With nine historic buildings, the fort survives as one of the best-preserved examples of Indian Wars-period forts. Most of the buildings, including the barracks, commissary, and officers quarters, are furnished to their original appearance. Fort Larned National Historic Site is open daily, year-round, and admission is free. The park offers several special events throughout the year, living history demonstrations, and ranger-guided tours.

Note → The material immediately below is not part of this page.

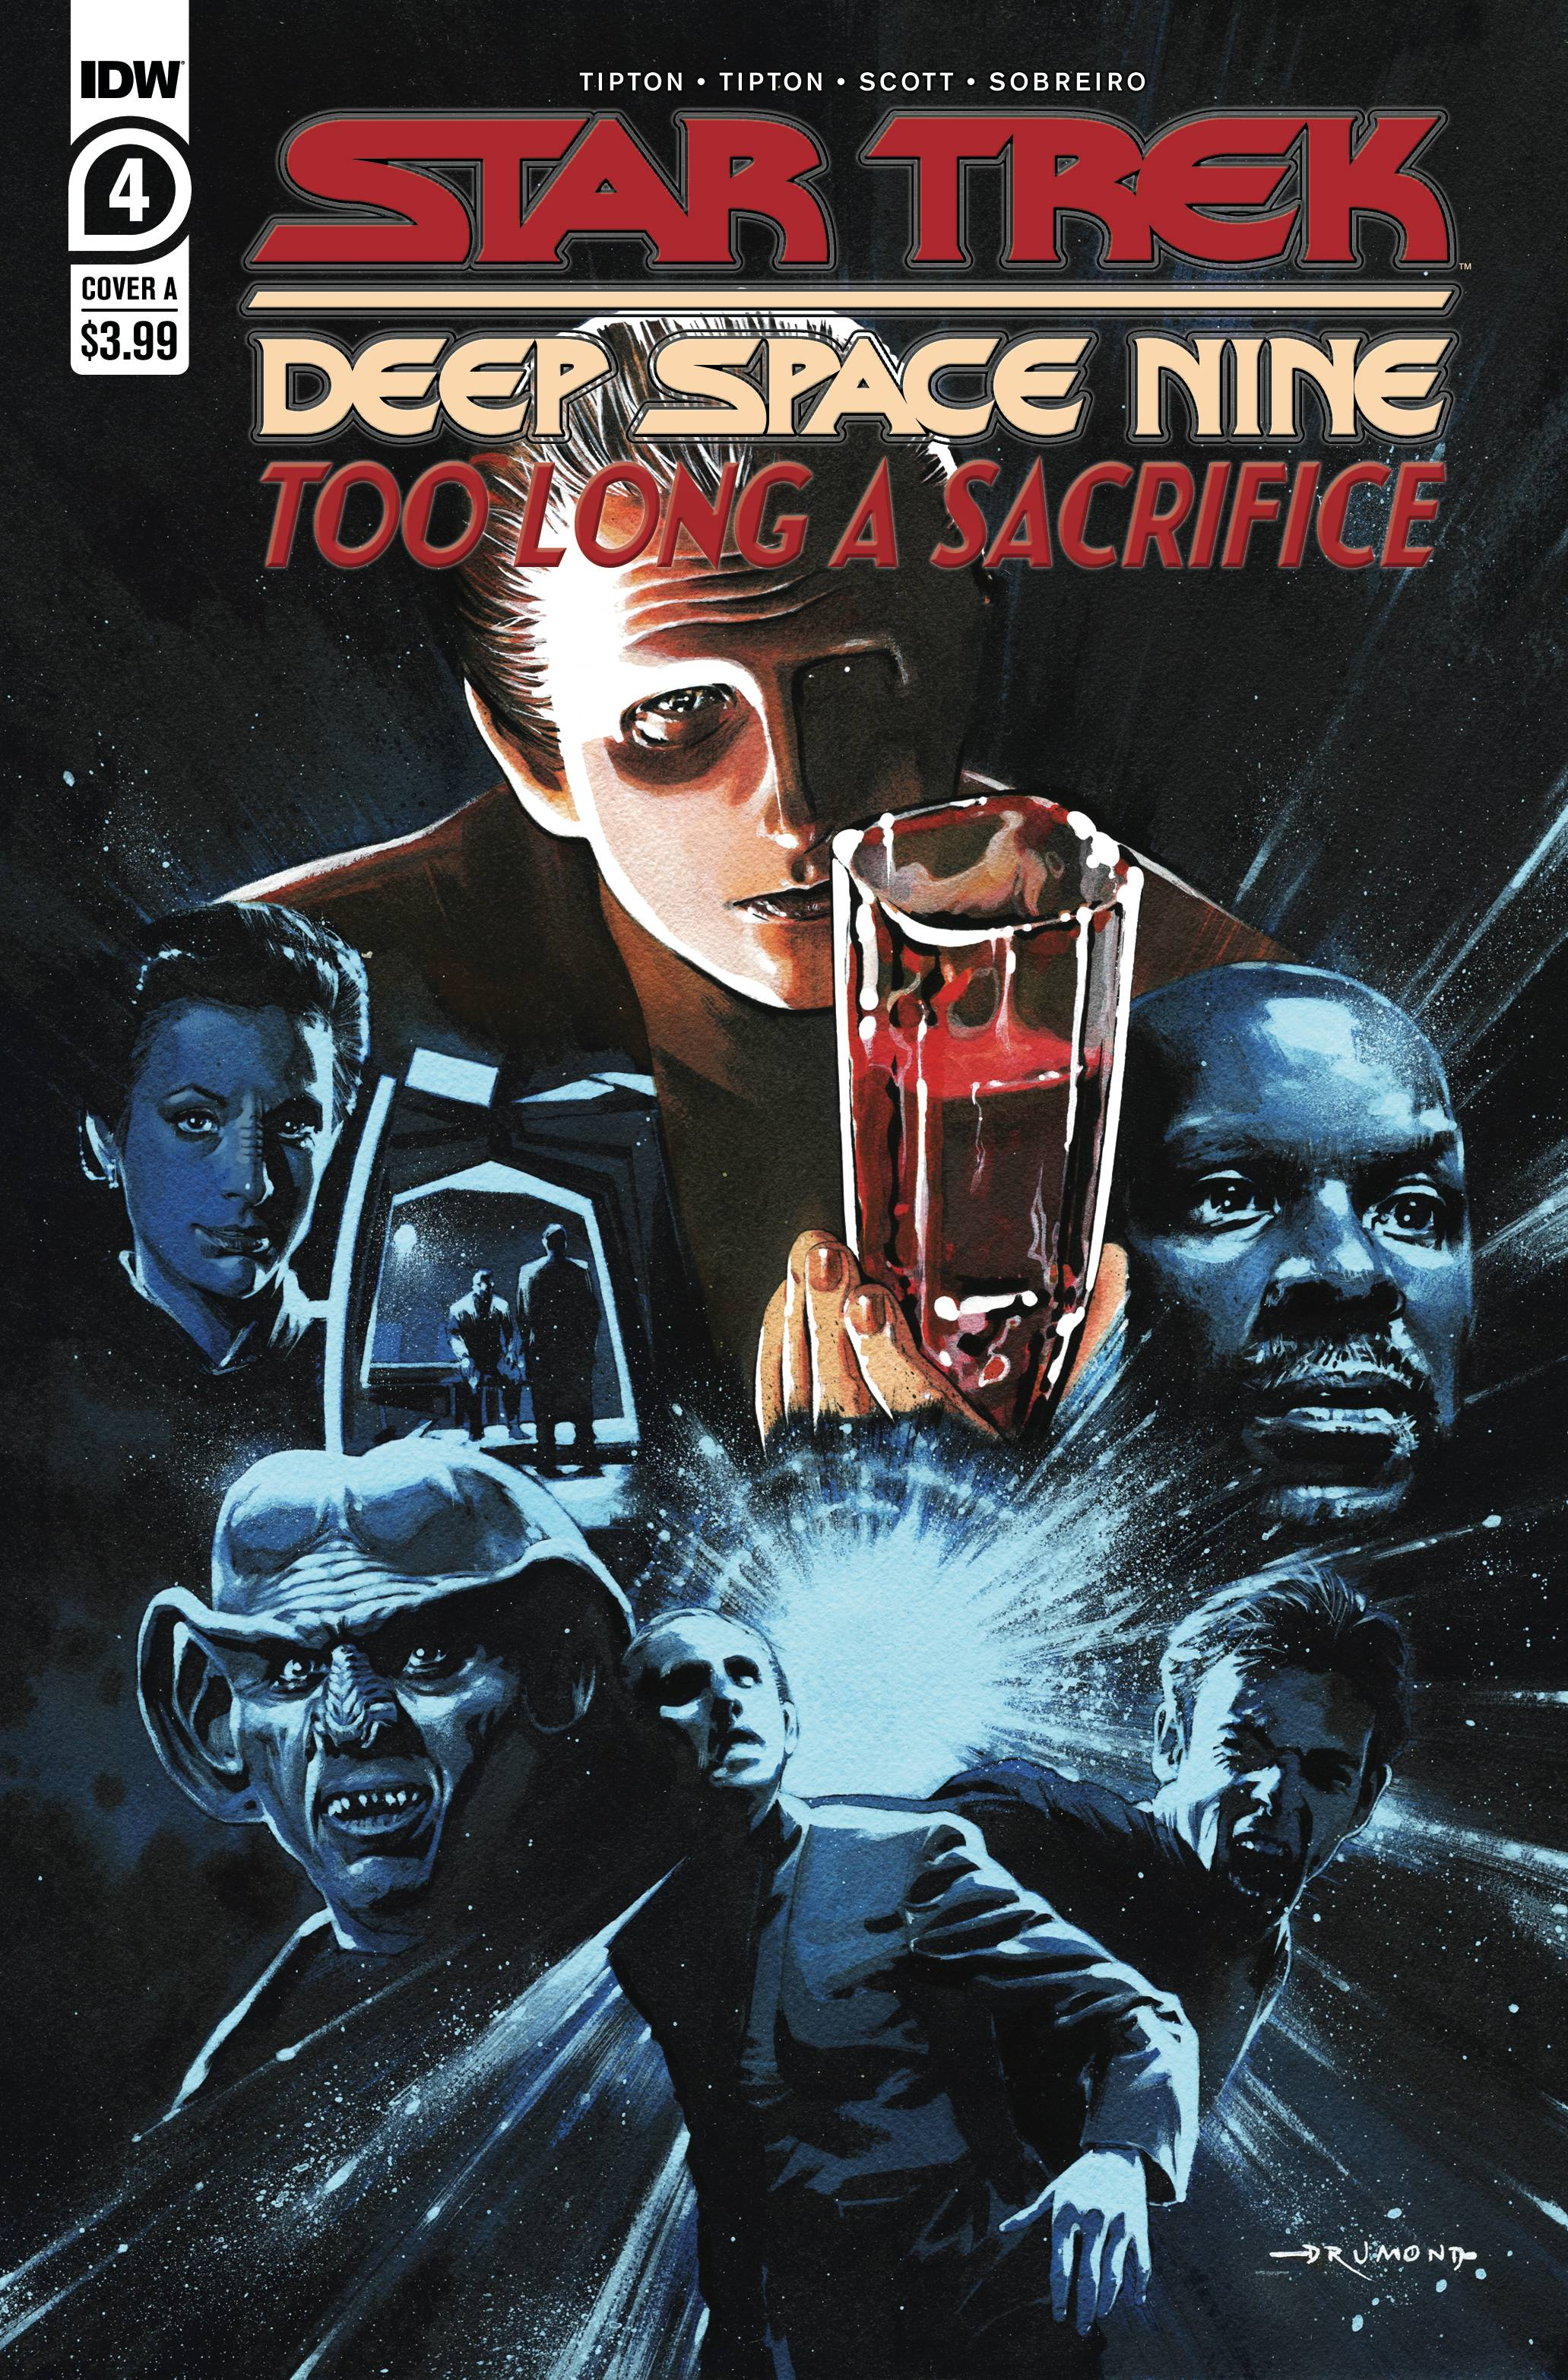 Star Trek: Deep Space Nine - Too Long A Sacrifice #4 (2020)

==Units stationed at Fort Larned==
The following units were stationed at Fort Larned during its 19 years of operation:

- 1st U.S. Cavalry – 1859
- 2nd U.S. Infantry – 1859–63
- 2nd U.S. Dragoons – 1860–61
- 2nd Regiment Kansas Volunteer Cavalry – 1862
- 9th Regiment Kansas Volunteer Cavalry – 1862–64
- 2nd Colorado Volunteer Cavalry – 1862–65
- 9th Battery, Wisconsin Light Artillery – 1862–65
- 1st Colorado Volunteer Cavalry – 1862–64
- 12th Regiment Kansas Volunteer Infantry – 1863
- McLain's Independent Colorado Volunteer Battery – 1864
- 15th Regiment Kansas Volunteer Cavalry – 1864–65
- 3rd Wisconsin Volunteer Cavalry – 1864
- 11th Regiment Kansas Volunteer Cavalry – 1864–65
- 2nd U.S. Volunteer Infantry – 1865
- 48th Wisconsin Volunteer Infantry Regiment – 1865
- 17th Regiment Illinois Volunteer Cavalry – 1865
- 2nd U.S. Cavalry – 1865–66
- 13th U.S. Infantry – 1865
- 3rd U.S. Infantry – 1866–72
- 37th U.S. Infantry – 1867
- 10th U.S. Cavalry – 1867–69
- 6th U.S. Infantry – 1871–72
- 5th U.S. Infantry – 1872–74
- 19th U.S. Infantry – 1874–78

The 10th US Cavalry, stationed at Fort Larned from 1867 to 1869, was one of the first two all-black cavalry units utilized in the country, along with the 9th US Cavalry. On January 2, 1869, the 10th Cavalry's stables at Fort Larned burned to the ground. The fire killed dozens of horses, destroyed equipment, and caused the unit to be reassigned to Fort Zarah. In 1999, magnetic gradiometry and electromagnetic conductivity surveys were conducted at the fort to attempt to determine the location of the stables, which had been lost. The surveys identified several areas of anomalies consistent with locations of buildings, as well as evidence of disturbances to the land that occurred after the buildings were no longer used as a fort.